In one hand, an oat latte. In the other, a phone with social feeds full of doom-scroll posts about the end of the world.

Across Britain, a quiet transformation is happening. It’s not the stereotype of survivalist preppers hoarding beans in bunkers. It’s middle-class professionals – scientists, sustainability experts, teachers, doctors, policy analysts and management consultants who have seen the data and come to a stark conclusion: the systems we rely on for survival are far more fragile than they appear, are deeply flawed and contain within them dynamics that keep us locked in to a dangerous trajectory.

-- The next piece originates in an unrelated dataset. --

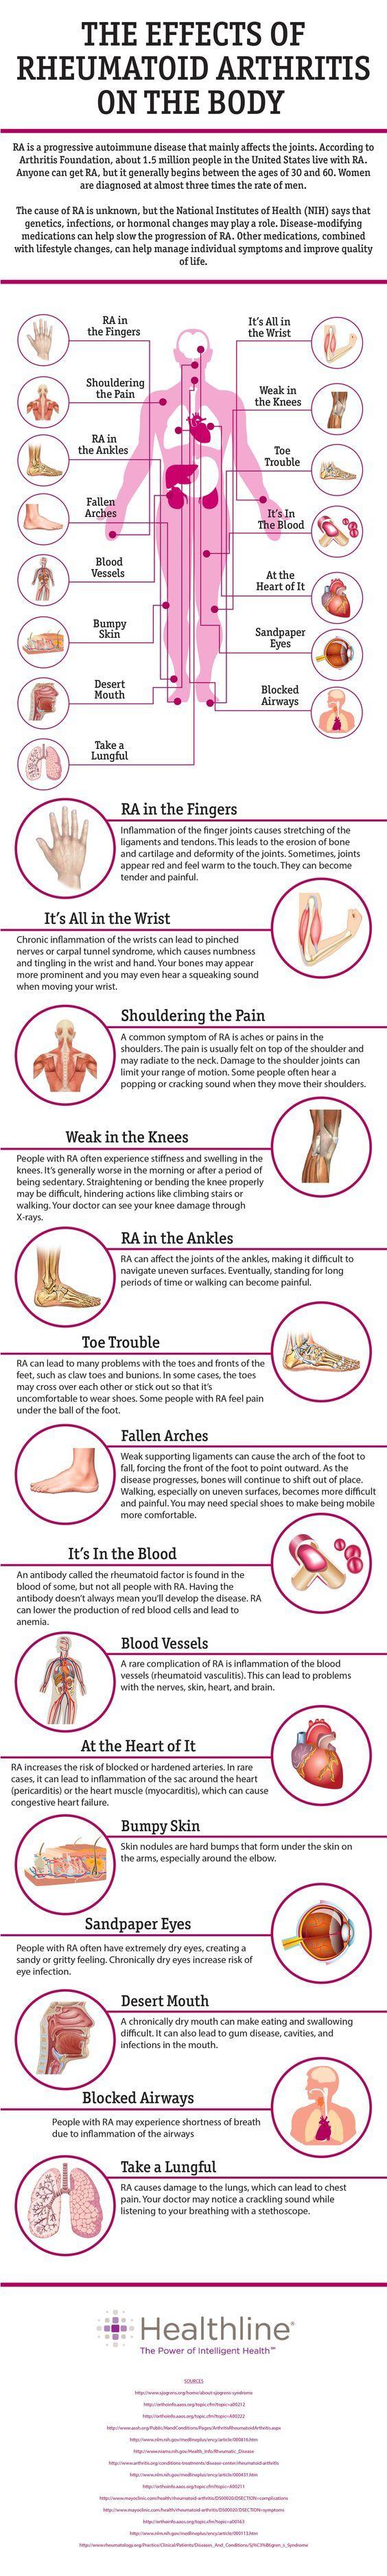 The Effects of Rheumatoid Arthritis On the Body

Some are voicing this quite openly, joining local groups to affect change and learn how to adapt; others have gone as far as to be a part of Extinction Rebellion, Insulate Britain or Just Stop Oil but are no longer active, waiting for the next big thing to come around; whilst many, many more have read the same writing on the wall but stay completely silent.

Tipping Point

It strikes me that we are now at a crucial tipping point where a large number of people have been activated to the dire state of things when it comes to our many crises and challenges but whose behaviours are not commensurate with their understanding.

And to be honest, I think this group is larger than we think (I’m very much looking forward to this group being sized by quantitative research scheduled by The Climate Majority Project) and that most of you on LinkedIn, may well be a part to some degree.

Like the Partner at the accountancy firm I spoke to who has an MPhys from Oxford, lives in suburbia and would never dare mention climate change or social collapse to his friends or family but who has read the IPCC reports (no mean feat as they run into 1000s of pages), secretly follows JSO on X and whose heart is breaking at the thought of the 3 degree warmer world the physics tells him is coming.